If Dag can keep avoiding meeting your husband, he can keep holding onto the fantasy of you as his mistress and his oasis. He doesn't seem to want to see you as a working woman and wife with responsibilities of your own. This doesn't make him a bad person, but he isn't quite connected with reality while he indulges in these dreams and thinks you two should make them come true. He's not looking at nor fully understanding the impact his wishes, wants, and actions have on the people around him.

I had a real "light bulb" moment reading these words. I am an escapist fantasy for Dag, and I have let the fact that he had his wife's ok to indulge cloud my judgement regarding that.

To be clear, I don't think what he's doing is *wrong*. If his wife agrees to him escaping home sometimes, and he gives her the same opportunities, that's fine. But I don't want to be an escape from Dag's real life - I want to be part of his real life, and have him be part of mine.
 
Last edited:
Just got home from the Christmas celebration with my "friend family"...

My friend K hosts. K, her kids, her mom... her boyfriend R and his parents and brothers... the parents and half sisters of K's late husband (who was also my husbands best friend)... our friends M and L and their kids... K's sister's mother in law, brother in law, and his kids. And me and Andy. Our family Christmas photo is a mix of white, black, Asian, Hispanic, and pit bull :)

Other than the bad call to do tequila shots (god I haven't done those in ten years :eek:) it was a perfect day. Kids and dogs running around outside or playing video games, music blaring, laughing with my friends, brunch and booze.

Dag texted me a bunch all day, felt kind of bad I was too busy to really have much of a conversation. (Also texting and tequila tricky to mix, lol.) But I'm also a little bit glad I was busy and distracted because honestly some of what he was saying started to annoy me.

"I wish we were together"... "I'd rather be with you today"... "Miss you"... "Need to see you"...

I don't know what is in his head when he sends an entire day's worth of those texts. I don't know if he really means it or he just feels like he HAS to say it.

What I feel like saying in response is, Dude, you were invited. If you wanted to be here, you could have come. If what you're saying is that you'd rather it was you and me alone on Christmas... Sorry, but these people are my family. Kind of like your wife and kids are your family, the family you said you needed to be with all week when you turned down my invite.

But. I didn't dwell on it today :) Also, I took tequila shots and didn't puke, and my new eyeshadow primer lasted ALL DAY. Go me ;)
 
What I feel like saying in response is, Dude, you were invited. If you wanted to be here, you could have come. If what you're saying is that you'd rather it was you and me alone on Christmas... Sorry, but these people are my family. Kind of like your wife and kids are your family, the family you said you needed to be with all week when you turned down my invite.

Hmm, if it were me, I'd text him back exactly what you wrote above. Why not? "Hello love, here's a dose of reality!
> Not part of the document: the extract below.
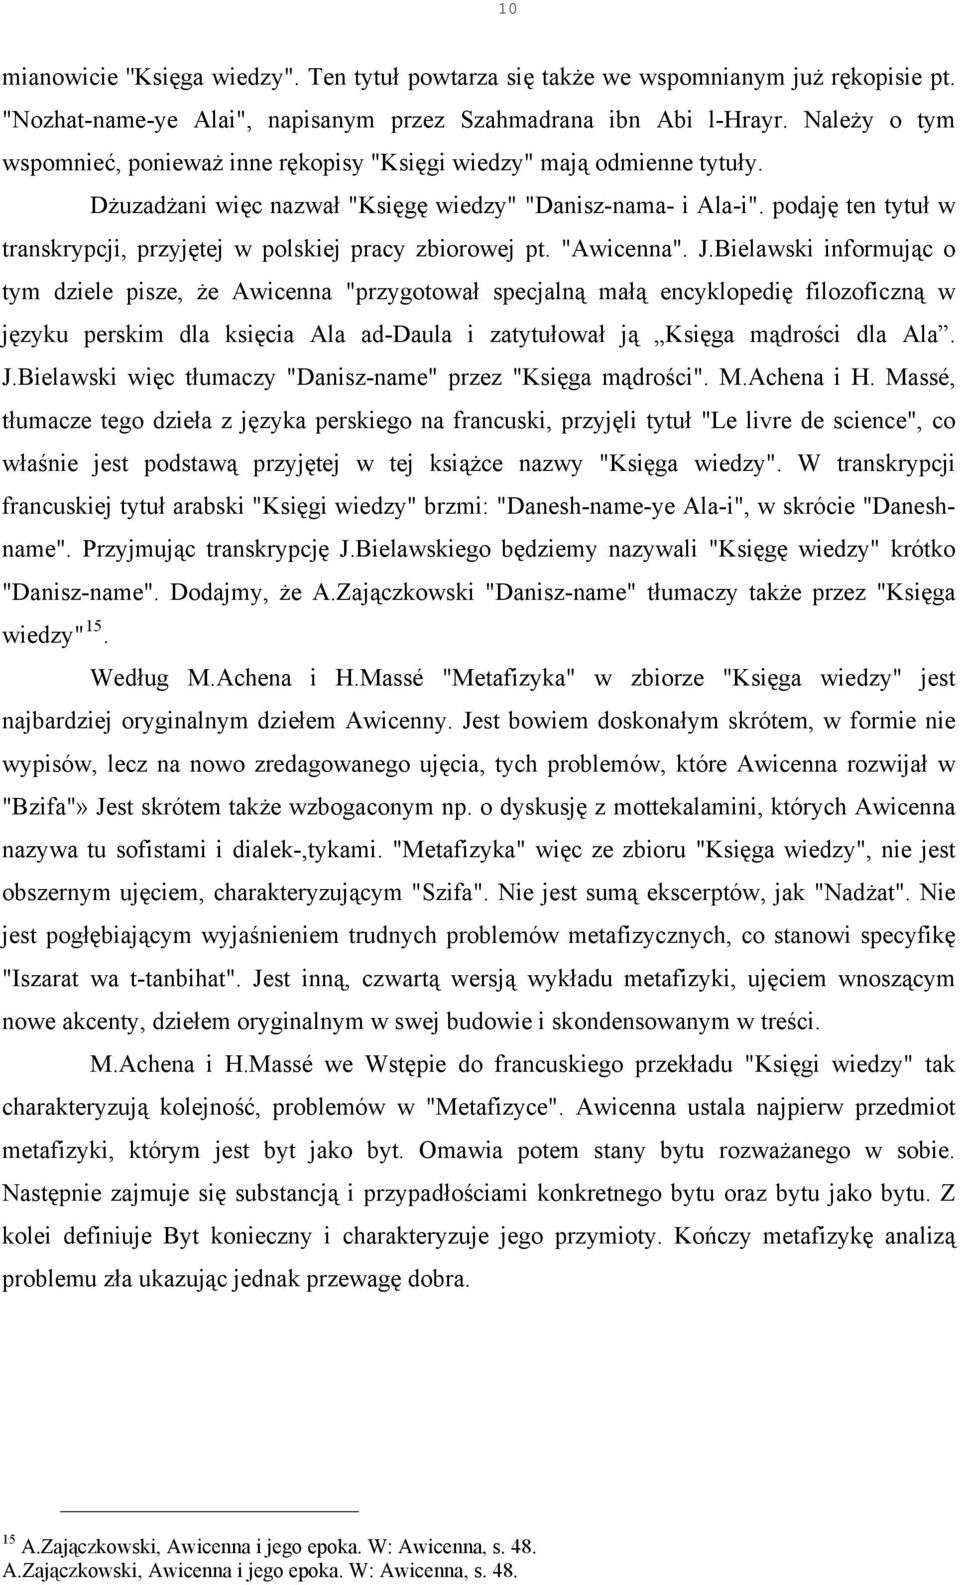 podaję ten tytuł w transkrypcji, przyjętej w polskiej pracy zbiorowej pt. "Awicenna". J.

Merry Christmas!" LOL

Glad you had a good time at the party, despite the texts and tequila!
 
"I wish we were together"... "I'd rather be with you today"... "Miss you"... "Need to see you"...

I don't know what is in his head when he sends an entire day's worth of those texts. I don't know if he really means it or he just feels like he HAS to say it.

My experience with men and texting is that they text exactly what they mean.
 
I'm emotionally and mentally checked out of my relationship with Dag right now. Physically, too, actually. I told him this was a tough week to get together, with Andy on vacation and half a dozen friends in town for the holidays. Not a lie, but a few months ago I would have done the mad scramble to fit in time with him, no matter what else was going on. I'm just not feeling it right now.

Also having a total "fuck poly" mood. Or more accurately, an "I will never *be* poly, no matter how my relationship structure looks" mood.

There have been a couple of threads lately that featured a scenario where one partner in an ostensibly poly relationship broke things off to focus on a new mono or primary partner. And I realized, I'm *so* the bad partner in that situation. I absolutely prioritize primary, nesting, life partnership over... well, everything else. Including other romantic relationships.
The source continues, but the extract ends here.